I guess we just ask other site owners real nice like:
"Can we please have a link to our site but I cannot return one, or pay for one, really do anything else for you in return but my site is really awesome and you should link to it."
REPLY: "No you may not have a link. Although your site is awesome it is not in the index and has no PR so it may come back and hurt my rankings in the process."
I have two pages(not total, just what I'm discussing). They are both probably over six years old.
Page 1 title is industry tutorial 101 (plus some keywords).
Page 2 title is industry tutorial 111 (without any additional keywords).
Both pages are roughly the same age, share the same layout, including on-page menus, and share the same keywords meta. Content is totally different, no similarity at all.

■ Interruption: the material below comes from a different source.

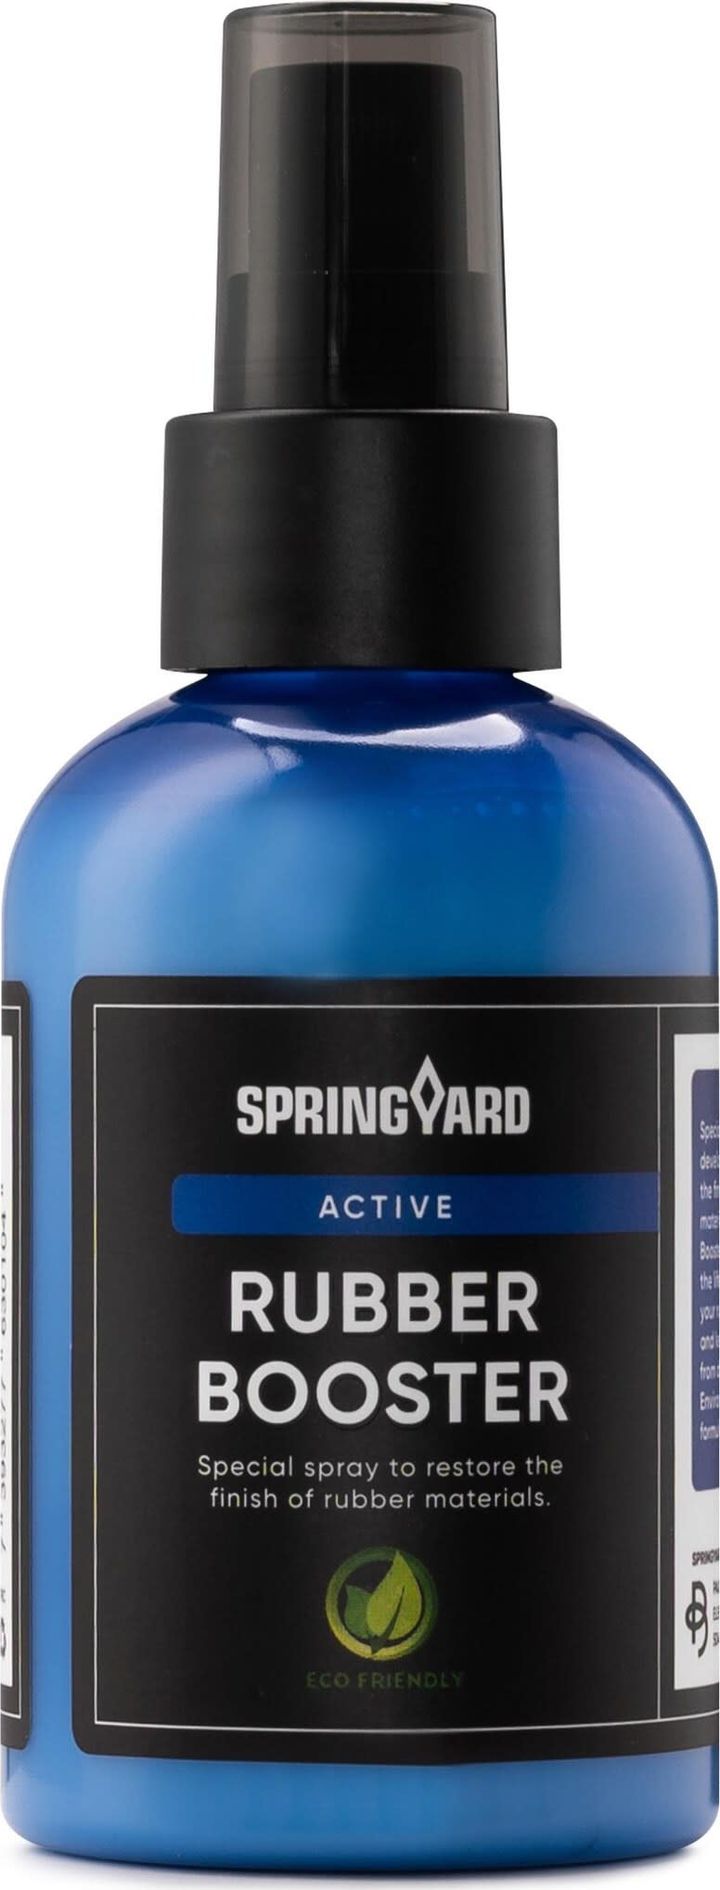 Springyard Rubber Booster Neutral Springyard

So, I do a search for "industry tutorial" and page 1 shows up, page 2 is nowhere to be found. Roughly same on-page SEO, no IBLs that I could identify to either. If I click "omitted results", I get page 1, index page, page 2. Granted, that's only from something like 4.2MM results, so it's not a huge sampling.
The only apparent similarity I see is the keywords and the URL. Perhaps there is more significance placed on 101.html and 111.html
Perhaps incremental numbering is now seen as a lack of quality?
Observations, not necessarily opinions.
"Can we please have a link to our site but I cannot return one, or pay for one, really do anything else for you in return but my site is really awesome and you should link to it."
LOL, Google and it's link no link obsession. Further evidence that page rank is dead and buried. The whole Google philosophy of ranking sites based on votes from other sites is down the toilet. End game.
Questions asked:
1) When will they finally realise it?
2) When will they admit it and move on to a different ranking system? a ranking system that actually works and makes sense.